Consider the generating function $\phi(t_1,t_2)$ for the bivariate distribution given here, in equation (57) (a clean derivation is given for it so I won't repeat it).
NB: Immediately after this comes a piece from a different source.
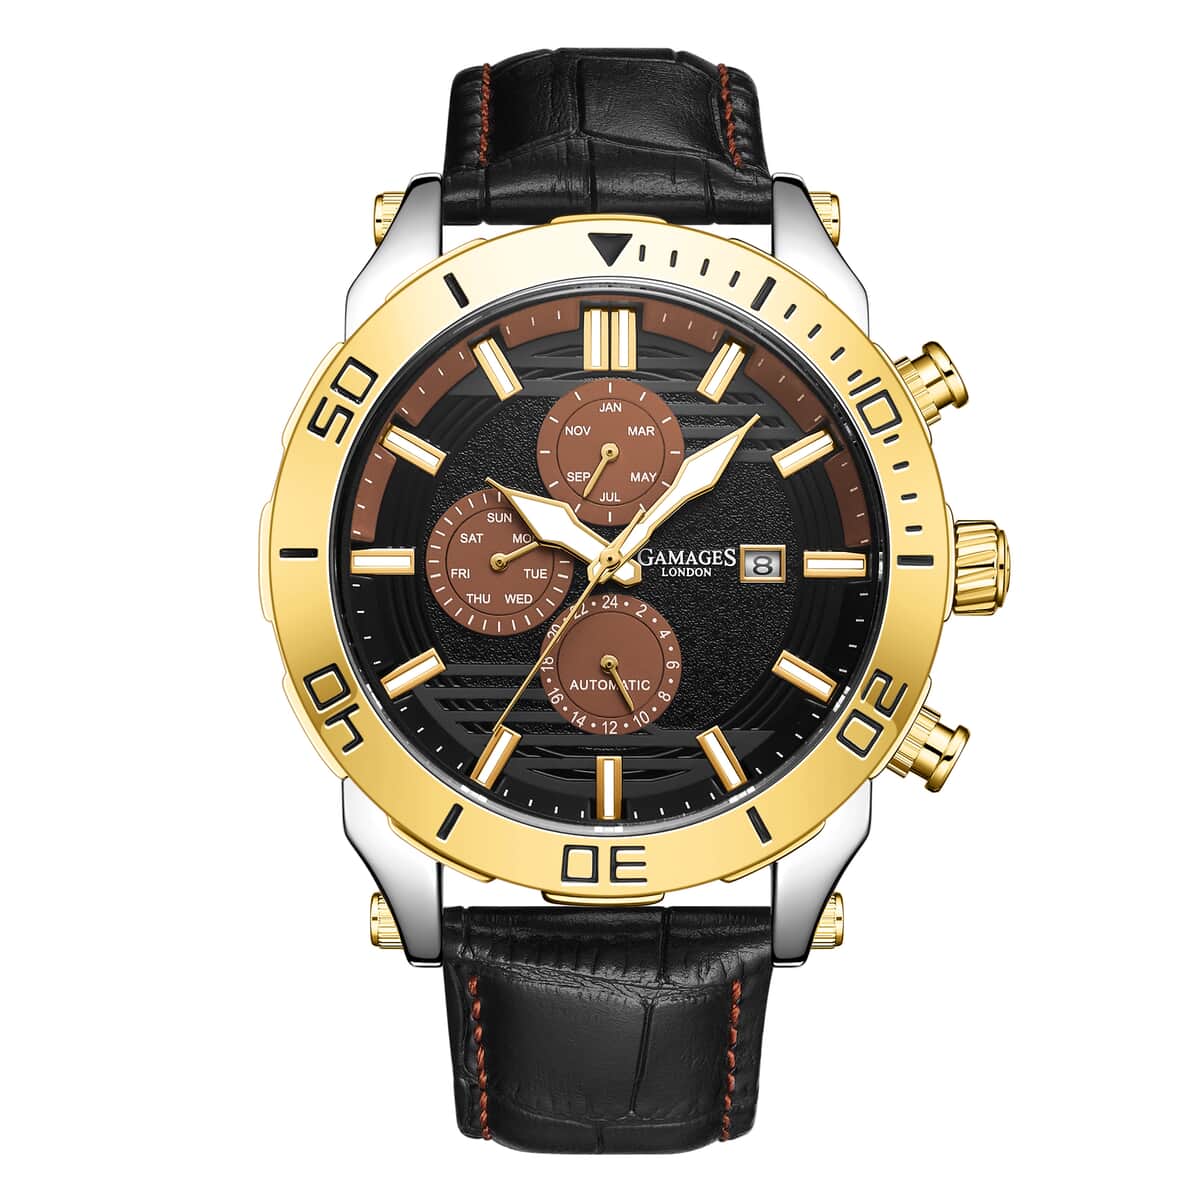 Gamages of London Limited Edition Hand Assembled Velocity Racer Automatic Movement Black Genuine Leather Strap Watch (45mm) with FREE GIFT PEN image number 0

Then:

$$E(X_1^m X_2^n)=(-i)^{m+n}(\frac{\partial}{\partial t_1})^m(\frac{\partial}{\partial t_2})^n\phi(t_1,t_2)\Big|_{(t_1, t_2)=(0,0)} \tag 1$$

After some tedious and careful algebra we wish to write the generating function $\phi(t_1,t_2)=e^{it_1\mu_1+it_2\mu_2}e^{-\frac{1}{2}(\sigma_1^2t_1^2+2\rho\sigma_1t_1\sigma_2t_2+\sigma_2^2t_2^2)}$ in the form:

$$\phi(t_1,t_2)=e^{-a}e^{-b(t_2+c)^2}e^{-d(t_1+gt_2+h)^2}\tag2$$

which is possible for the values:

$$a=\frac{\mu_1^2}{2\sigma_1^2}+\frac{(\mu_2-\mu_1\rho \frac{\sigma_2}{\sigma_1})^2}{2\sigma^2_2(1-\rho^2)}, \hspace{0.2cm}b=\frac{1}{2}(1-\rho^2)\sigma_{2}^2, \hspace{0.2cm}c=-i\frac{\mu_2-\mu_1\rho \frac{\sigma_2}{\sigma_1}}{2\sigma^2_2(1-\rho^2)}, \hspace{0.2cm}d=\frac{\sigma_1^2}{2},\hspace{0.2cm} g=\frac{\rho\sigma_2}{\sigma_1},\hspace{0.2cm}h=-i\frac{\mu_1}{\sigma_1^2} $$

We change variables $y_2=\sqrt{b}(t_2+c), y_1=\sqrt{d}(t_1+gt_2+h)$ and we find:

$$\begin{align}\frac{\partial}{\partial t_1}&=\sqrt{d}\frac{\partial}{\partial y_1}\\ \frac{\partial}{\partial t_2}&=g\sqrt{d}\frac{\partial}{\partial y_1}+\sqrt{b}\frac{\partial}{\partial y_2}\end{align}$$

Substitute into (1) for the result:

$$E(X_1^mX_2^n)=(-i)^{m+n}(\sqrt{d}\frac{\partial}{\partial y_1})^m(g\sqrt{d}\frac{\partial}{\partial y_1}+\sqrt{b}\frac{\partial}{\partial y_2})^n e^{-a}e^{-y_1^2}e^{-y^2_2}\Big|_{(y_1, y_2)=(c\sqrt{b},h\sqrt{d})}$$

Expanding the parentheses and using the Rodrigues formula for Hermite polynomials we get:

$$E(X_1^mX_2^n)=e^{-a-bc^2-dh^2}i^{m+n}g^n d^{\frac{m+n}{2}}\sum_{k=0}^n\frac{n!}{k!(n-k)!}\Big(\frac{\sqrt{b}}{g\sqrt{d}}\Big)^{n-k}H_{n-k}(h\sqrt{d})H_{m+k}(c\sqrt{b})$$

The expectation values $E(X_1^m)$ and $E(X_2^n)$ can be calculated by setting $n=0$, $m=0$ in the general formula respectively.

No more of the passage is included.